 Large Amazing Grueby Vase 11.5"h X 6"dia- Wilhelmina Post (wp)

________________

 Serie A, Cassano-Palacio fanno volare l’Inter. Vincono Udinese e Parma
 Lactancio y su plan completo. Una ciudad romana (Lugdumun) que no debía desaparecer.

________________

» **Work item**
From the material above, set down exactly the lines starting at the one with "Serie A, Cassano-Palacio" and ending at the one with "Lactancio y su", end lines included.

» **Answer to the exercise**
 Serie A, Cassano-Palacio fanno volare l’Inter. Vincono Udinese e Parma
 Lactancio y su plan completo. Una ciudad romana (Lugdumun) que no debía desaparecer.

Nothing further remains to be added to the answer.